Your instructions: What you return must match, exactly, the lines running from the one containing "Gucci Gg Matelass" to the end of the data, both included, and must contain no pictures.

Data below:
▼▼▼
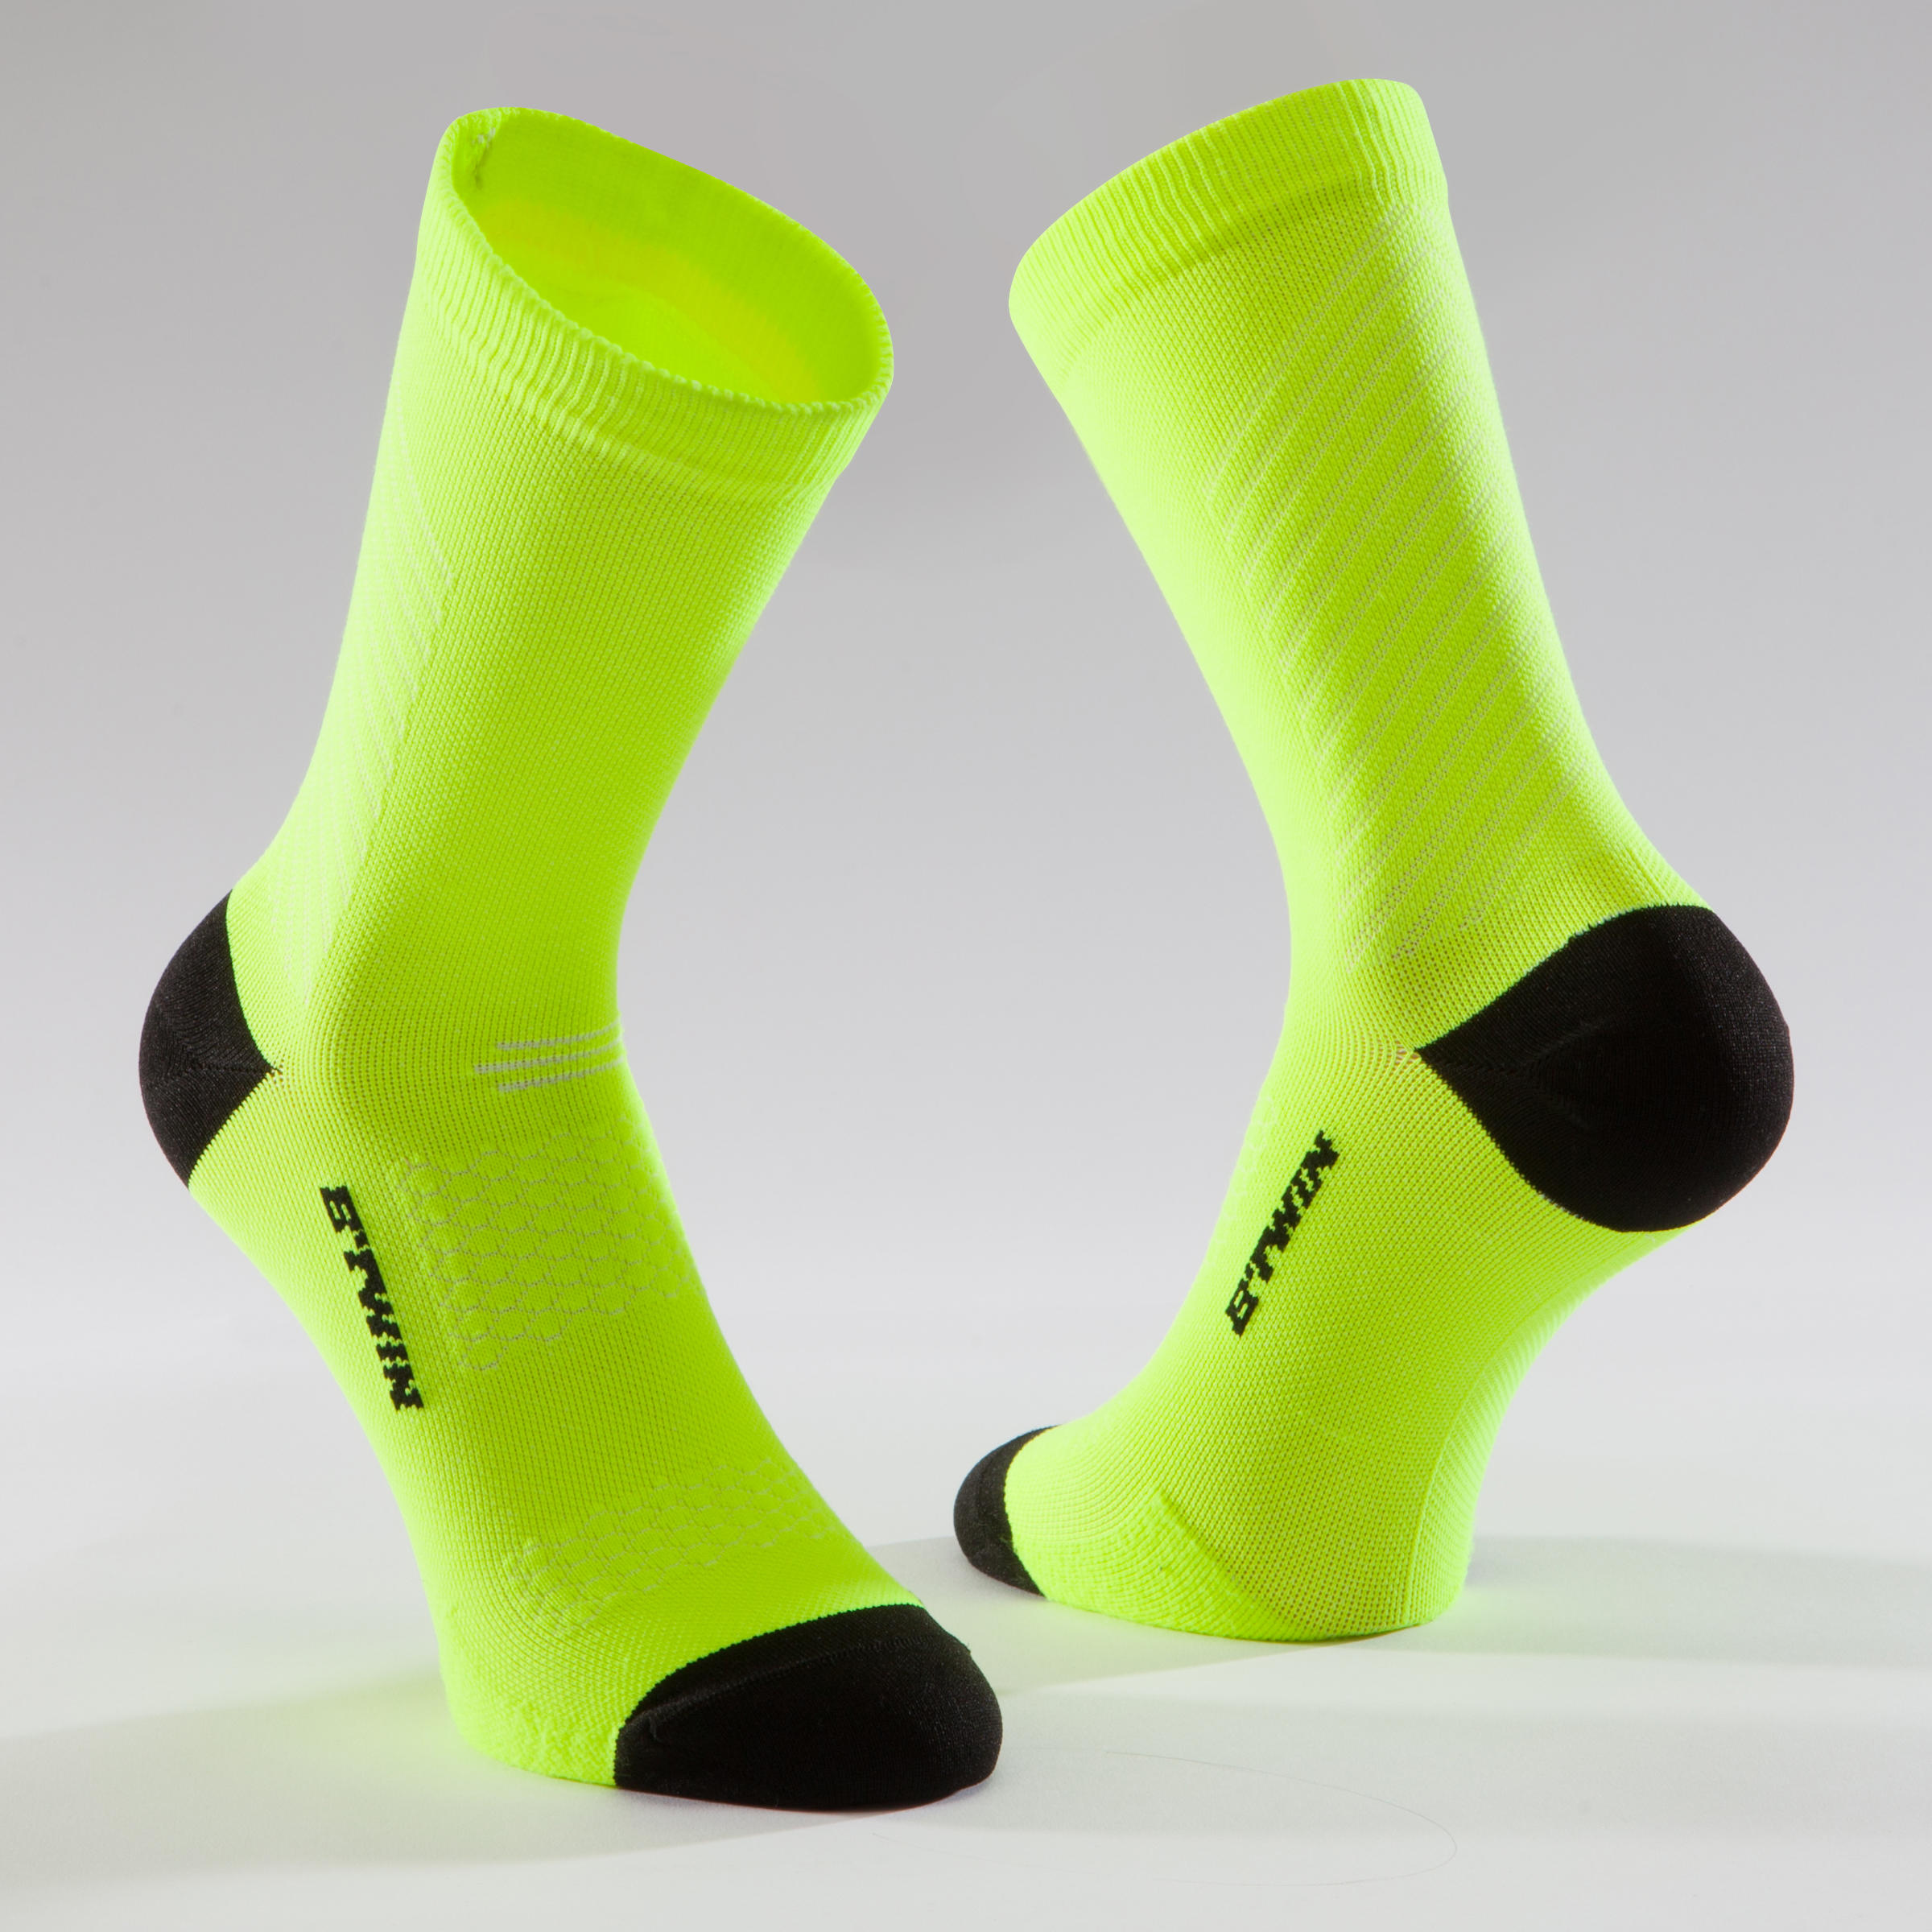 900 Road Cycling Socks - Neon Yellow/Black 2/7
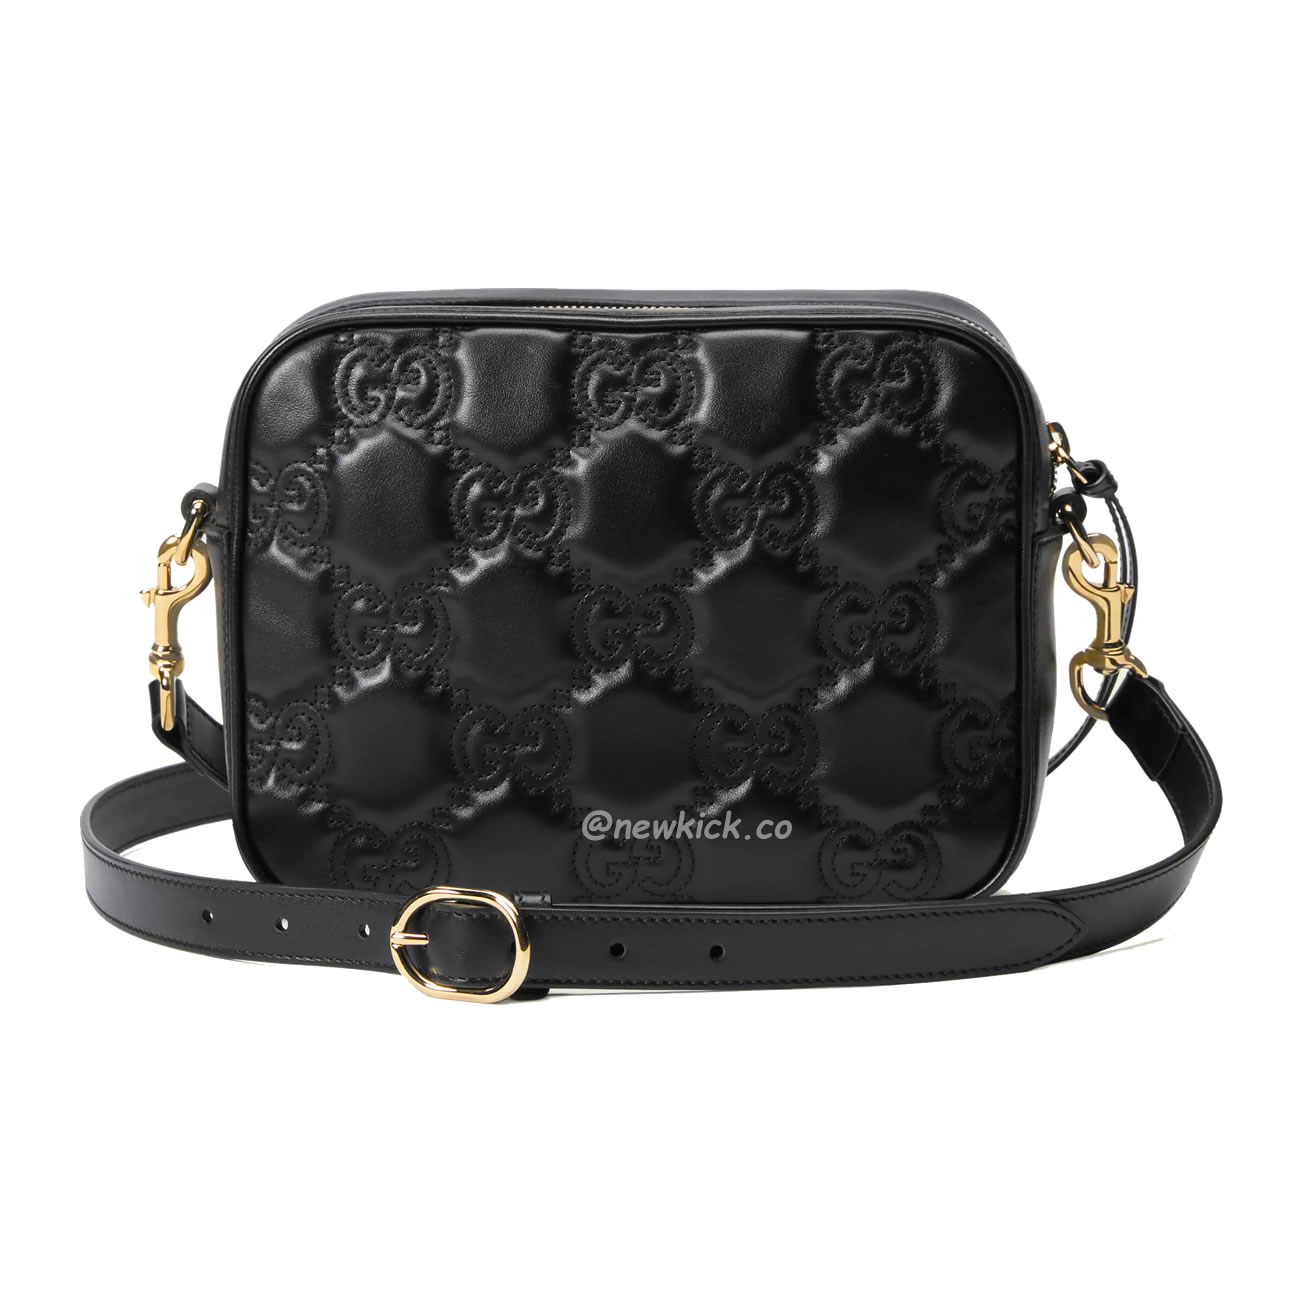 Gucci Gg Matelass Small Bag Product Details 702234 Um8hg 1046 (4) - newkick.org
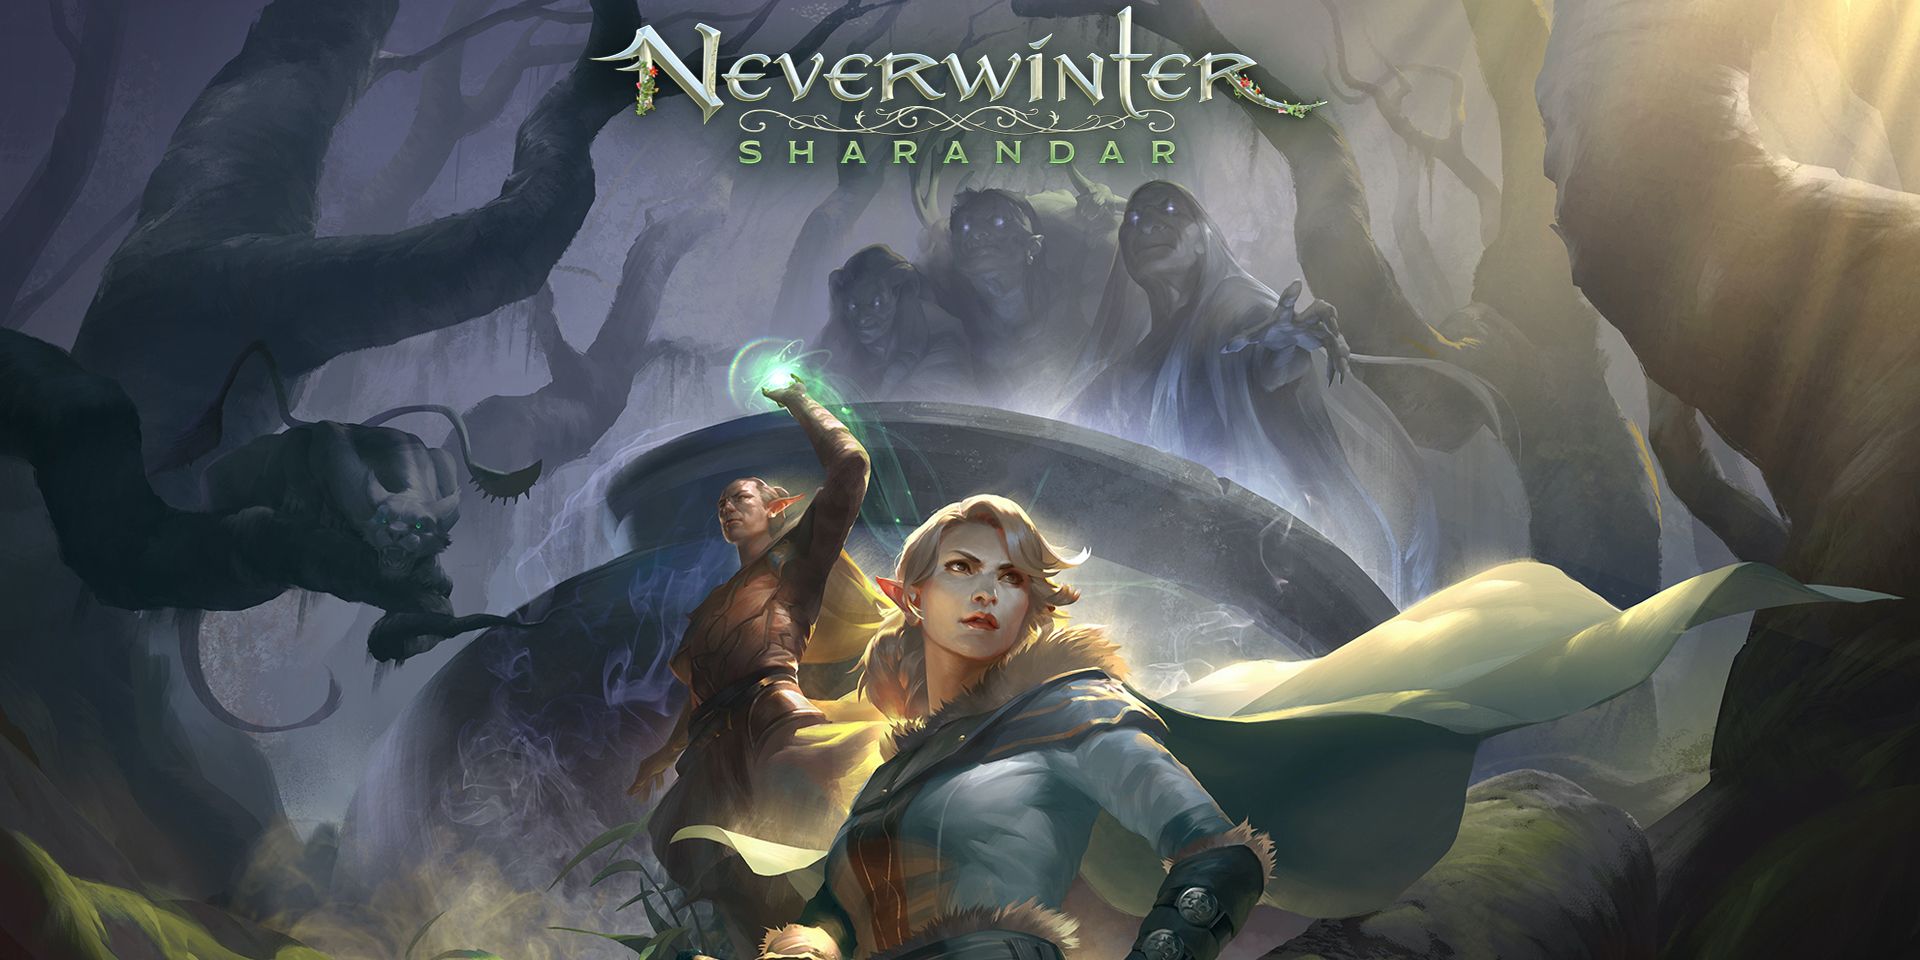 Art for the Neverwinter Sharandar expansion, featuring two elven adventurers wandering through a dangerous forest
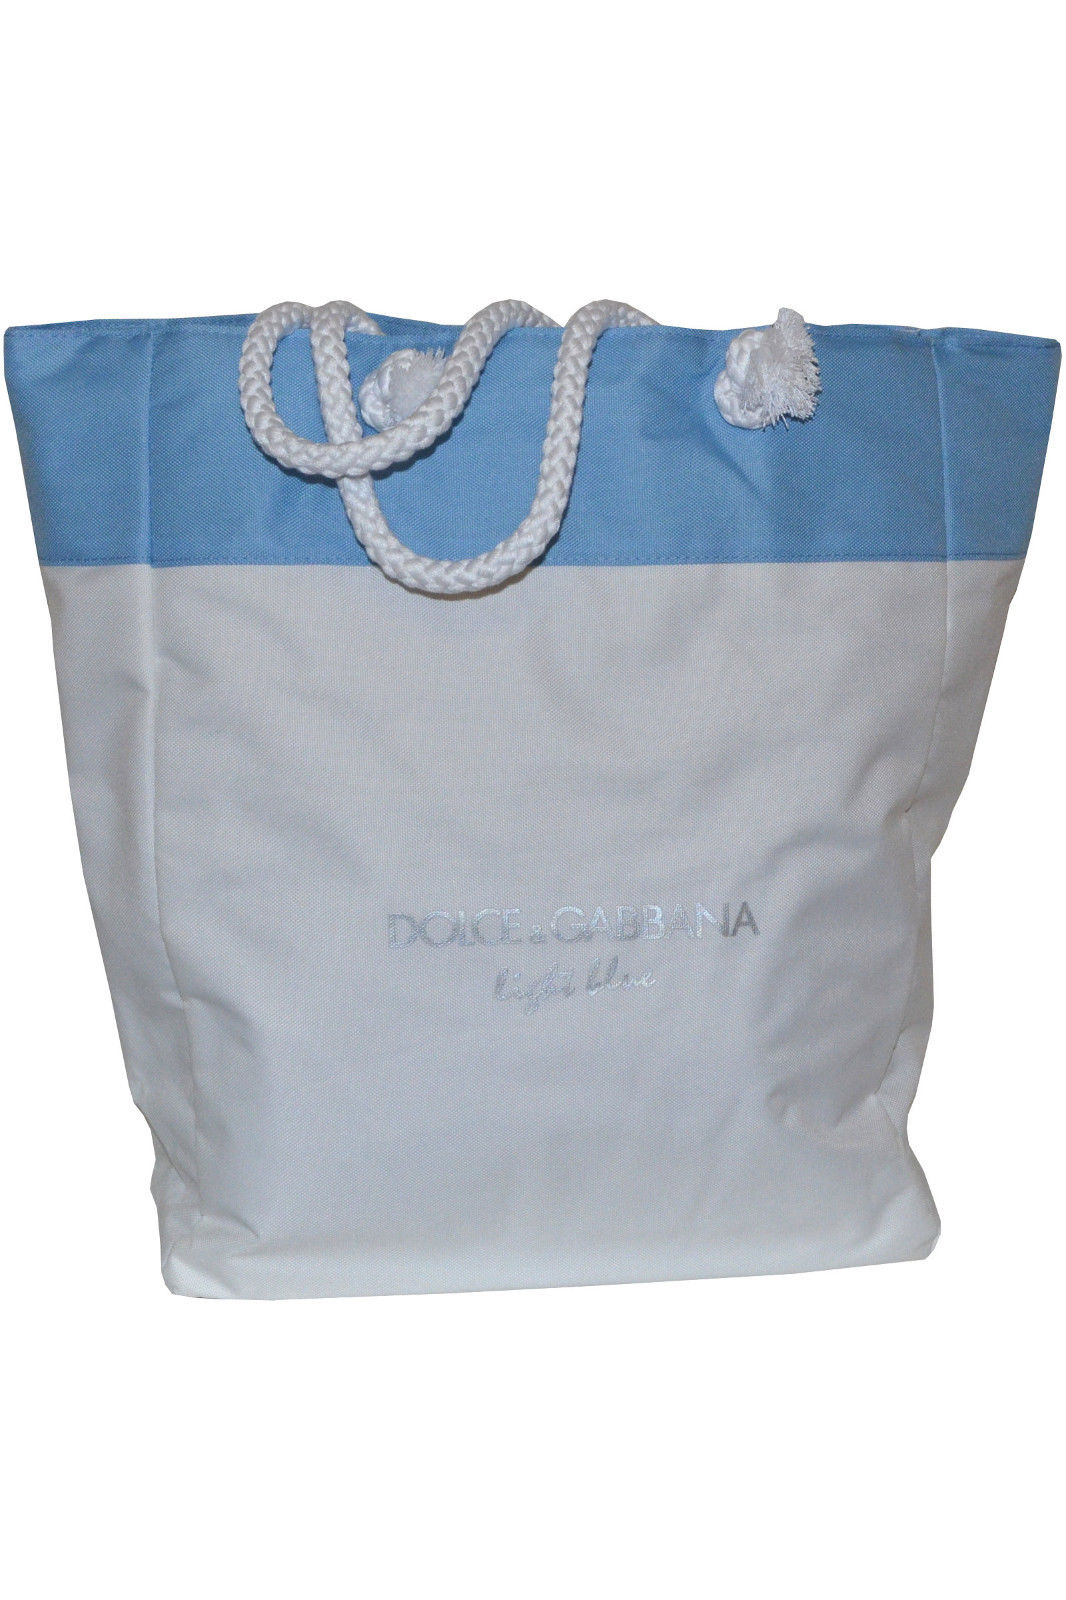 dolce and gabbana blue bag
▲▲▲
Output for this task:
 Gucci Gg Matelass Small Bag Product Details 702234 Um8hg 1046 (4) - newkick.org
 Art for the Neverwinter Sharandar expansion, featuring two elven adventurers wandering through a dangerous forest
 dolce and gabbana blue bag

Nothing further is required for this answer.